「だってセラダサンは一枚売って下さいッて云ったじゃないか」
「私が二枚と云い直す。イーだ」
 セラダと八千代サンは早くもテーブルにつきさっそくビフテキをパクつき、改めてチェリオと乾盃をやっております。日野はイスにもたれてそりかえり、両腕をくみ、両眼をとじ、実に憮然という構えで長い瞑想にはいりました。そのままの姿勢でたっぷり五十分はつづいたでしょう。それこそは元貴族のナレの果ての構え充分の貫禄がそなわっているかに見えたのです。そして彼が目をあいた時には彼氏と彼女はすでに相擁して立ち去った後でした。八千代サンは全然千鳥足だった由です。
 その翌日もまた翌日もセラダと八千代さんは一しょに現れ、相擁して千鳥足で立ち去りました。次の晩から二人そろって姿を見せなくなったのは遠出の証拠と見られたのです。
 日野は毎晩現れて、八千代サンの日ごとの変化と酔態をつぶさに見学していました。彼は彼女にお酒をおごったことがなかったので、その酔態を見たことはなかったのです。よしんば彼がお金持で彼女にお酒をおごろうとしても、トオサンが店にいる限りはそれを許さなかったでしょう。
 女が処女を失うということと、泥酔するということは、ケダモノよりもあさましいものに見うけられました。しかし日野はそれに目をおおうようなことはしませんでした。むしろいつもの倍も目玉をむいて、ジロジロと観察にふけっていたのです。八千代サンが目の前でハダカにされてセラダに犯されたにしても日野の目玉はマバタキしなかったに相違ありません。
 女というものはどうしてこう愚劣なんだろうかと日野はガイタンいたしました。男がこういう愚劣なものに凝らねばならぬ宿命を与えられているということは歎かわしい次第だ。この女の獣的異変と退化性と肉慾性とは平和な時代の道徳と相いれないものがある。侵略の兵隊の女狩りが彼女らの本性にふさわしいもので、兵隊にジュウリンされ隷属する性質のものだ。

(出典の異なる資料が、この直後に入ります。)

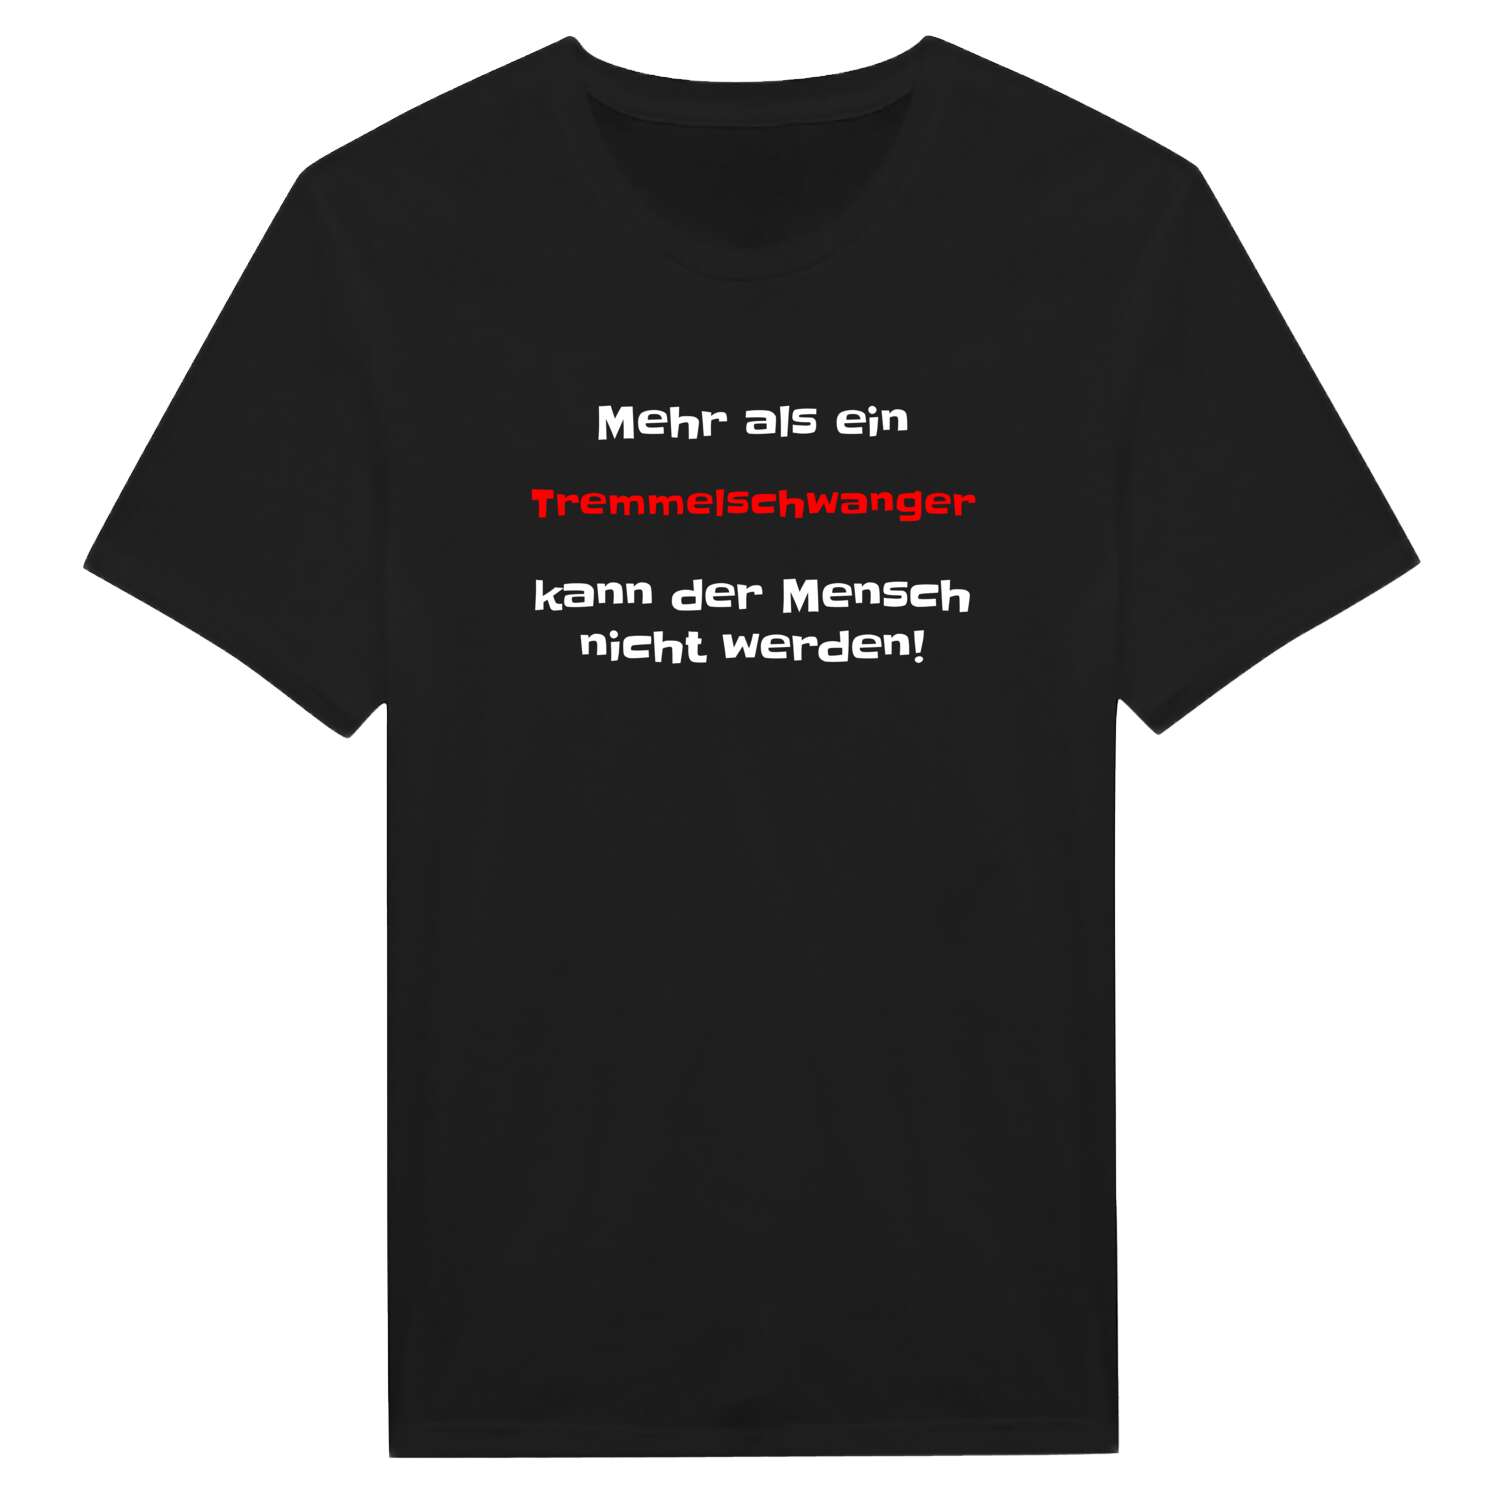 Tremmelschwang T-Shirt »Mehr als ein«

紳士に隷属すべからざるものなのである。
 してみると男の本性も紳士にあるのでなくて兵隊にあるのかも知れず、世界秩序の本態も平和にあるのでなくて戦争にあるのかも知れん、と日野は考えてしまったほどです。彼がこう考えたのも、フシギに自ら反省する頭を失わなかったからで、なぜなら彼は八千代サンの愚劣きわまる獣的異変と色情狂的酔態を見まもっている間中、彼自身の性器が完全にボッキしたまま挫折することがなかったのを見出したからです。つまり彼自身の兵隊性を自覚せざるを得なかったのでした。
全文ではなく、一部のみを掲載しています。